The output is the lines below from the one with "- bílý popis" through the one with "Раскраска Летчик и", both included, printed exactly and with no other line.

Dataset records:
--
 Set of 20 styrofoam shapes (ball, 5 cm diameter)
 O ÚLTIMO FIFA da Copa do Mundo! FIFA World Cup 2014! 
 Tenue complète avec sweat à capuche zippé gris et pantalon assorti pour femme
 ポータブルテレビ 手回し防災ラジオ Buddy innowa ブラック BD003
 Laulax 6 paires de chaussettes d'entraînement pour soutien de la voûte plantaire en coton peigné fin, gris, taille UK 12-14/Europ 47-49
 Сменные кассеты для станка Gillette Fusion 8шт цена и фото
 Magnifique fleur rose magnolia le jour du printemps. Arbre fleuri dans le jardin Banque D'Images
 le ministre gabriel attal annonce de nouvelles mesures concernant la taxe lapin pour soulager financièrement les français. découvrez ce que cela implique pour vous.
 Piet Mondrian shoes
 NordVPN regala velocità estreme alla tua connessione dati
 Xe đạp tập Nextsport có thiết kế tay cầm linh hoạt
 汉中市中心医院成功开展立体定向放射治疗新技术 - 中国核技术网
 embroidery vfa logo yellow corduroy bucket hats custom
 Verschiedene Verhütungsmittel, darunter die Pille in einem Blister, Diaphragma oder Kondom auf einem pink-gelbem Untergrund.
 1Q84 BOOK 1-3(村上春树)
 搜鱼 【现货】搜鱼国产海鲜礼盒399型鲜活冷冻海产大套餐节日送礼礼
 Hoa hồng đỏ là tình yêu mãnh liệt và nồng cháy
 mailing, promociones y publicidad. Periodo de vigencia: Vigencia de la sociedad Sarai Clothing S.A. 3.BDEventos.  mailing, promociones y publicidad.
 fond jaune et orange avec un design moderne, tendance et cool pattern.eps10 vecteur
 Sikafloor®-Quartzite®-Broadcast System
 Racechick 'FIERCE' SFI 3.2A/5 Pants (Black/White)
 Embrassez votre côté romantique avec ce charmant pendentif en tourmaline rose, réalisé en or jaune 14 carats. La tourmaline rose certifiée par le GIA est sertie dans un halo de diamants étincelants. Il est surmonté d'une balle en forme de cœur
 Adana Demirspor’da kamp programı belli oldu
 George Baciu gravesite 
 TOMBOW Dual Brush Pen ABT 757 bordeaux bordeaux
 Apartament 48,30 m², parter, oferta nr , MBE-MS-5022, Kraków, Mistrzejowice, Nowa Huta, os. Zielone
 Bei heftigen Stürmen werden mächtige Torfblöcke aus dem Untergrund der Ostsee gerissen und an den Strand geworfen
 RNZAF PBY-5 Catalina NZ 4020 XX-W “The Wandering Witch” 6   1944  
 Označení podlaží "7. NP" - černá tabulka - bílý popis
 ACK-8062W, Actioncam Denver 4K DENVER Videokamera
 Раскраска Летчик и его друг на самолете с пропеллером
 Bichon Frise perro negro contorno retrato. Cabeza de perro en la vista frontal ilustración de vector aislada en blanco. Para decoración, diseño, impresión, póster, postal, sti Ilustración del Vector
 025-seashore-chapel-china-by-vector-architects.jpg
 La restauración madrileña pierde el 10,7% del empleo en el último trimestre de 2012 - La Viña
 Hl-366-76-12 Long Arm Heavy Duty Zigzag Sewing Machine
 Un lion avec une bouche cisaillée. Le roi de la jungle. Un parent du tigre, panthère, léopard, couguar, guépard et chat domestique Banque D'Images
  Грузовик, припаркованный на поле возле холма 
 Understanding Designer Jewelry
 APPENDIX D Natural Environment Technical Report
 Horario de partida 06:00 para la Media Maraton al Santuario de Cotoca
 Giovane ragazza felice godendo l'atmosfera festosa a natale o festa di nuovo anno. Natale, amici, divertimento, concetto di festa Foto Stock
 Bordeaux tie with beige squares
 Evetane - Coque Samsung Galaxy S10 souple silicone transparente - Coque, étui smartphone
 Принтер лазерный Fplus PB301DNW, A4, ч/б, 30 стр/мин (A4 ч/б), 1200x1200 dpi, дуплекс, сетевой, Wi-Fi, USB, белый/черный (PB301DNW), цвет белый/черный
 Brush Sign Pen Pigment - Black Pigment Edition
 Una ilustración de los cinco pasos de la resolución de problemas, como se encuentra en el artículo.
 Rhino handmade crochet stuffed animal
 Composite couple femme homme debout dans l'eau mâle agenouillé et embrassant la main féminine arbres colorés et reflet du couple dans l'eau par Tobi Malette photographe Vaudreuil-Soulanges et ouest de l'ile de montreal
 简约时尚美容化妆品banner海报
--
Result below:
 Označení podlaží "7. NP" - černá tabulka - bílý popis
 ACK-8062W, Actioncam Denver 4K DENVER Videokamera
 Раскраска Летчик и его друг на самолете с пропеллером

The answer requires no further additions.